The lignin extraction scheme from the Phoenix date palm biomass species is shown in Figure . Phoenix date palm biomass species ((P-Aj)/(P-Sa)/(P-Am)/(P-Ra)) (ground to a particle size range of 300–500 μm) were placed into a 100 mL round-bottom flask along with the necessary amount of PIL for the lignin extraction procedure. The flask was placed in an oil bath and swirled at room temperature for 2 h. After the extraction procedure was finished, lignin was regenerated by adding an acetone/water mixture in a ratio of 1:2.

1.

Lignin extraction scheme from Phoenix date palm biomass species.

Subsequently, lignin precipitated out, while the cellulose-rich residue settled down. The cellulose-rich residue was subjected to multiple washes with triple-distilled water by filtering through a ceramic funnel. The separated lignin/[Py]­[For]/water mixture underwent filtration using a vacuum filtration apparatus. Afterward, the resulting filtrate was processed through a rotary evaporator to recover it for reuse. The dried lignin and the cellulose-rich residue were heated to 60 °C until they reached a uniform weight. The lignin extraction efficiency (%) was estimated using the protocol described in our previous study. The formula below was used to determine the quantity of lignin extracted (%).

$$\mathrm{Total}\mathrm{Lignin}\mathrm{Extracted}\%=\left(\frac{\mathrm{Total}\mathrm{lignin}\mathrm{extracted}\mathrm{from}\mathrm{Saudi}\mathrm{Date}\mathrm{Palm}}{\mathrm{Total}\mathrm{lignin}\mathrm{content}\mathrm{of}\mathrm{Saudi}\mathrm{Date}\mathrm{Palm}}\right)\times 100$$ 1

2.5. Characterization of Lignin Extracted from (P-Aj)/(P-Sa)/(P-Am)/(P-Ra)

2.5.1. Fourier Transform Infrared Analysis (FTIR)

The presence of functional groups in the extracted lignin samples was confirmed by FTIR spectroscopy.

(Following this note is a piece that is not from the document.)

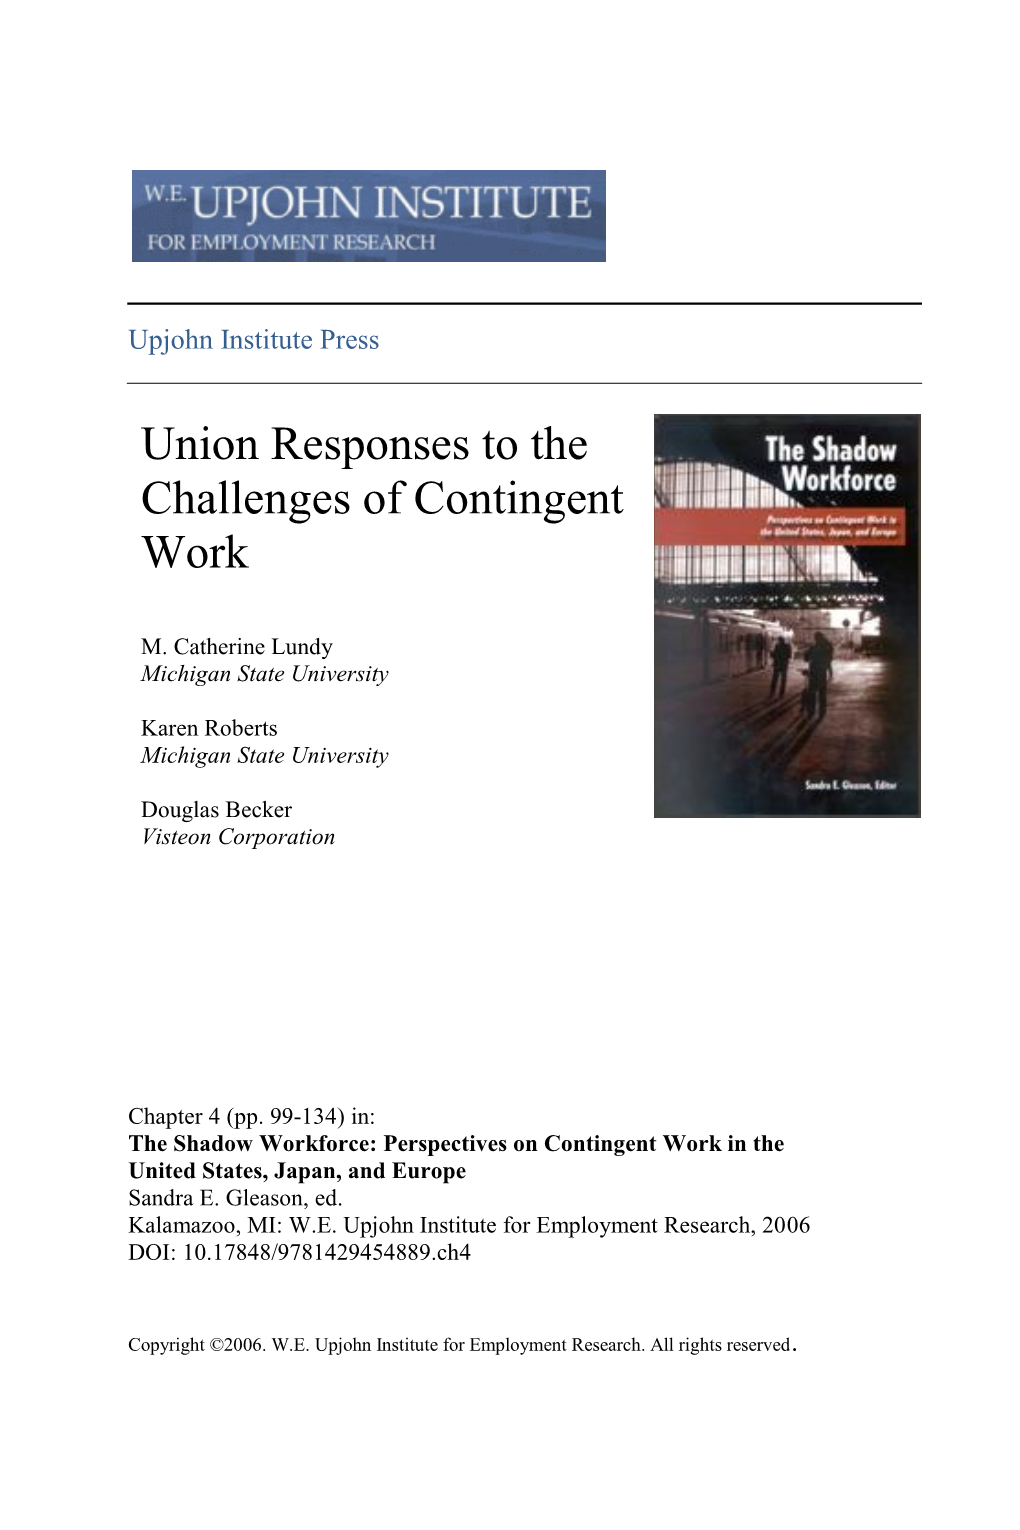 Union Responses to the Challenges of Contingent Work Arrangements

The FTIR spectroscopy was carried out using a PerkinElmer spectrometer with wavenumbers in the range of 4000 to 1000 cm^–1.

2.5.2. Thermogravimetric Analysis (TGA)

The thermal behavior of extracted lignin samples (P-Aj), (P-Sa), (P–Am), and (P–Ra) was determined using a PerkinElmer Pyris V-3.81 thermal gravimetric analyzer. Samples were heated from 50 to 800 °C at 10 °C min^–1. For performing the analysis, around 4 mg of the sample was weighed into an aluminum pan under a nitrogen blanket, maintaining a nitrogen flow of 20 to 25 mL/min.

2.5.3. Differential Scanning Calorimetry (DSC)

The glass transition temperatures “Tg” of extracted lignin samples were investigated using a calibrated Waters DSC Q2000 V24.11 Build 124A instrument using indium for calibration. The samples were dried at 150 °C at a heating rate of 20 °C min^–1 before testing. Before the measurements were performed, they were cooled to a stable temperature of 20 °C. About 7 mg of the sample was placed into an aluminum crucible. All measurements were recorded at a heating rate of 10–20 °C min^–1. The values reported are based on the averages of two sets of measurements.

2.5.4. Scanning Electron Microscope (SEM)

Samples were examined for their structure using SEM (model LEO VP1430) at a voltage of 20.0 kV. To ensure the leaf sheaths were conductive and to prevent degradation and charge accumulation, the samples were gold-coated before imaging. Magnifications of 400X and 500X were used to take images of the samples.

2.5.5. X-ray Diffractometer (XRD) Analysis

The crystalline structure of pure microcrystalline cellulose (MCC) PIL-treated residue was examined using a Bruker X-ray diffraction (model Bruker D8) advance horizontal XRD equipped with a Cu anode. The samples were scanned at room temperature within the range of 10.00 ° to 80.00 ° at a 2θ scale in step mode, with an increment of 0.020° with a step time of 1 s.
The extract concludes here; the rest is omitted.